**EXERCISE INSTRUCTIONS:** Beginning with the line that contains "lista de ganadores" and ending with the line that contains "Ferrero Rocher T5 - Product", reproduce the lines of the entries below exactly, omitting pictures.

**INFORMATION SHOWN:**
- - - - - - -

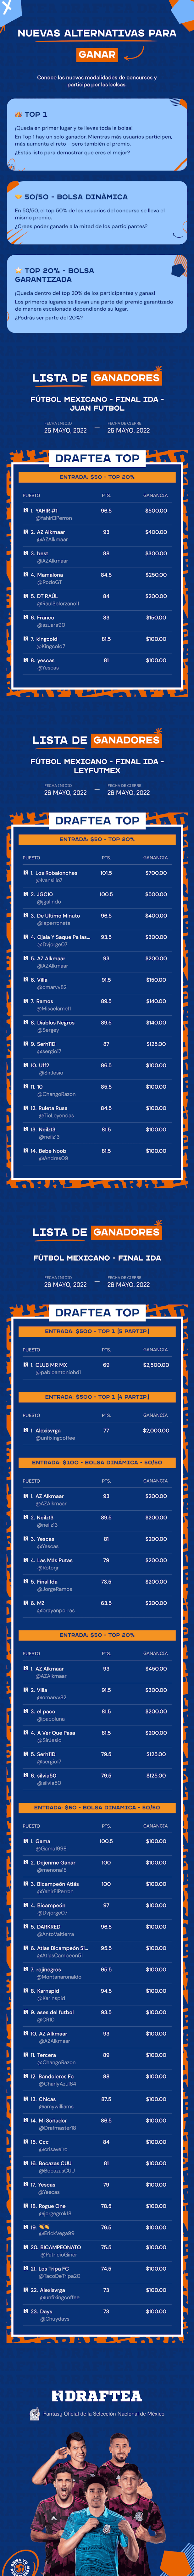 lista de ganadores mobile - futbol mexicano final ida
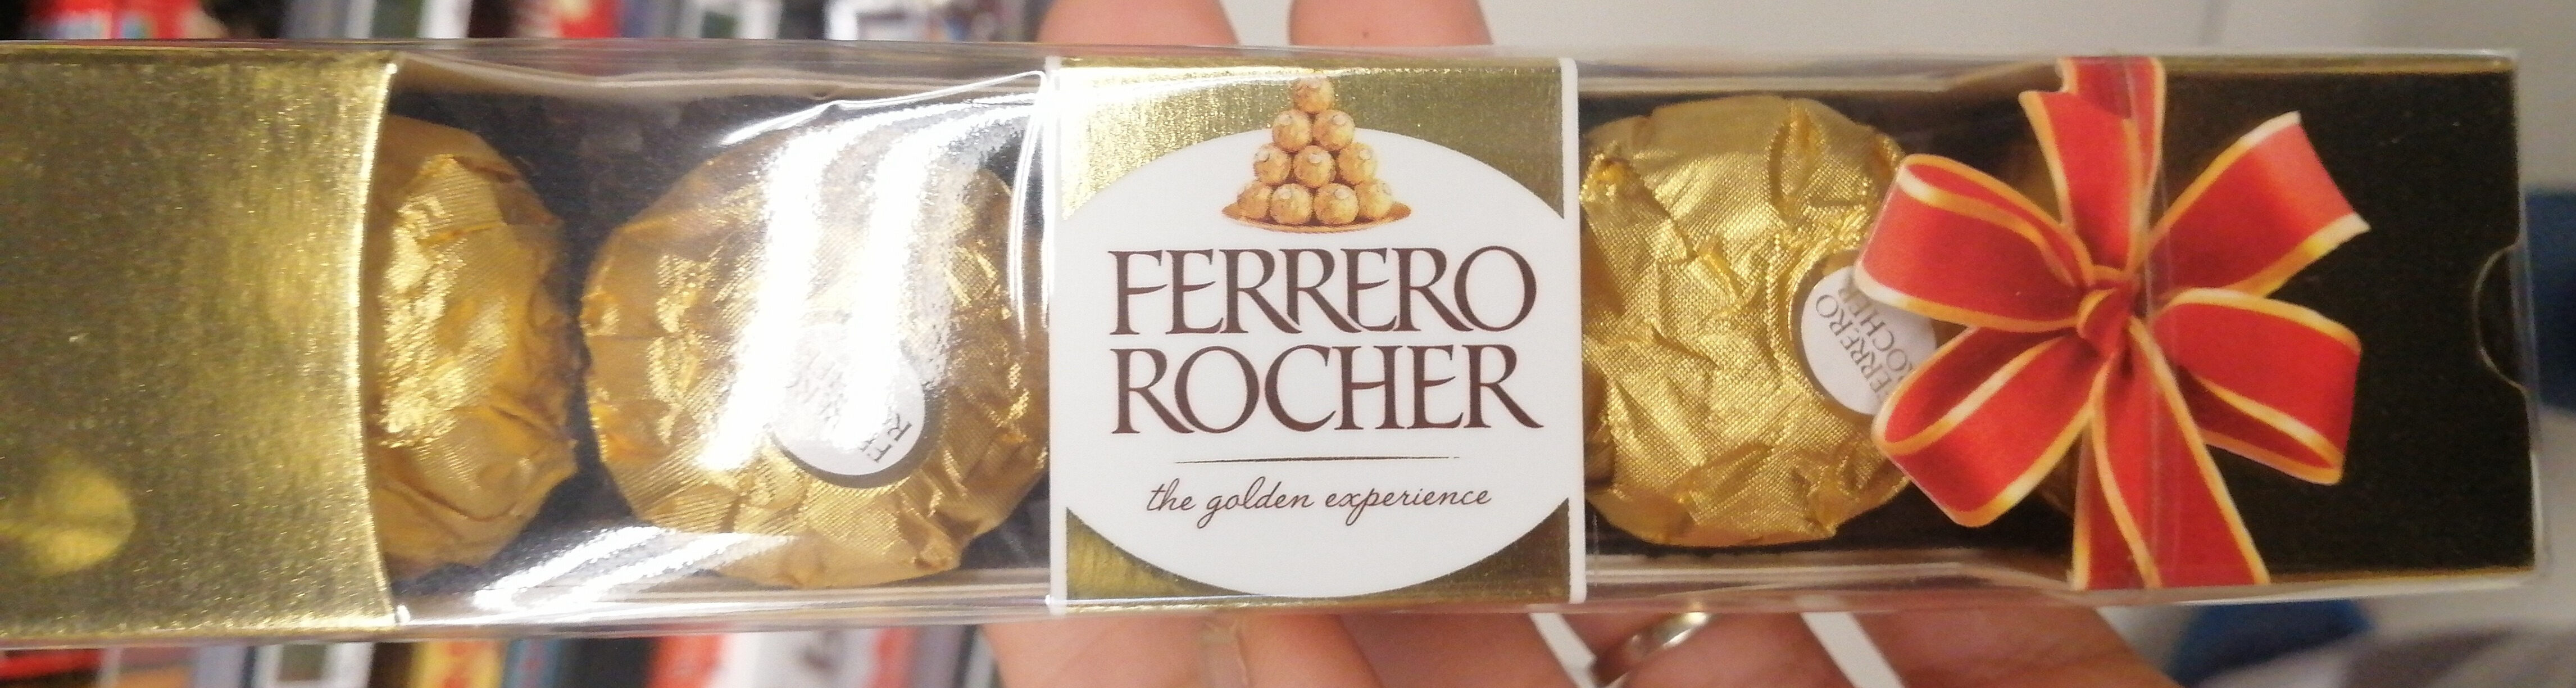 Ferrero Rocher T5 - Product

- - - - - - -

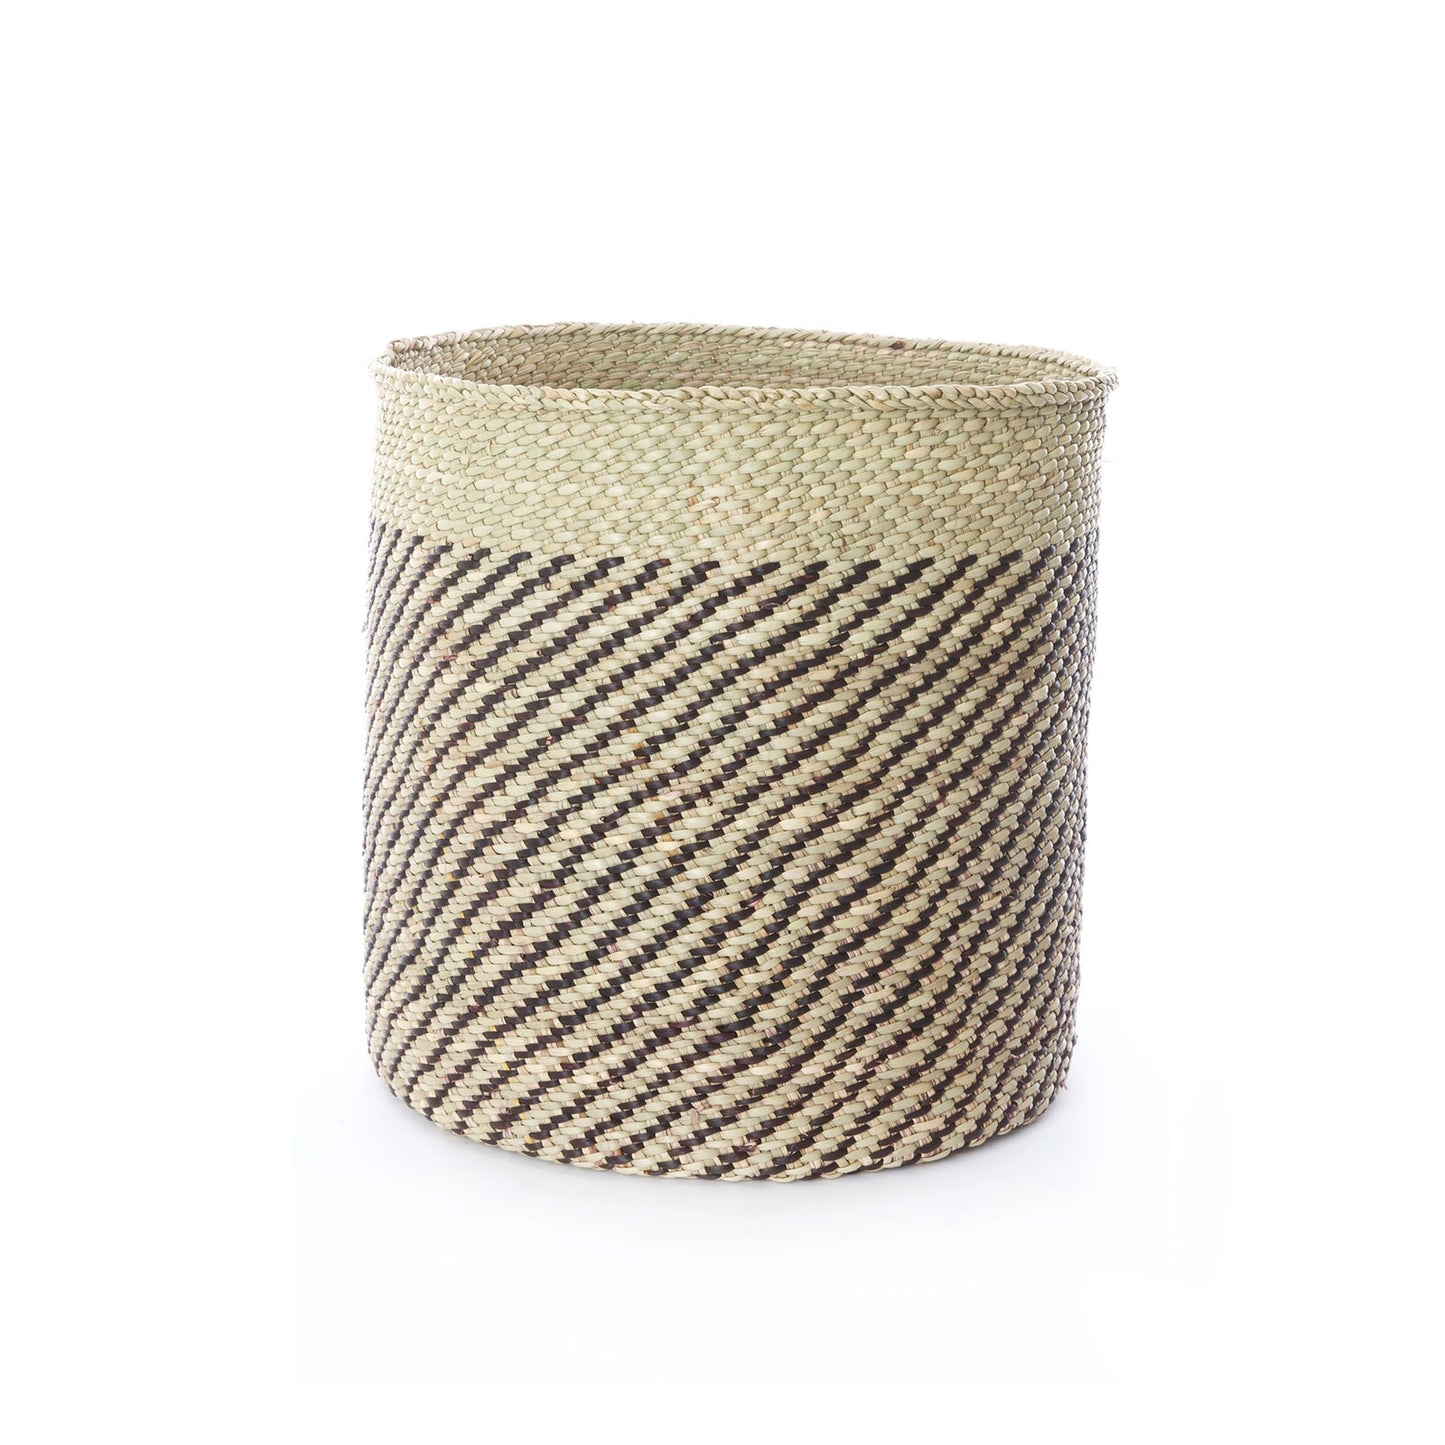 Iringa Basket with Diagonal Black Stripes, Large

- - - - - - -

**REPLY TO THE EXERCISE:**
 lista de ganadores mobile - futbol mexicano final ida
 Ferrero Rocher T5 - Product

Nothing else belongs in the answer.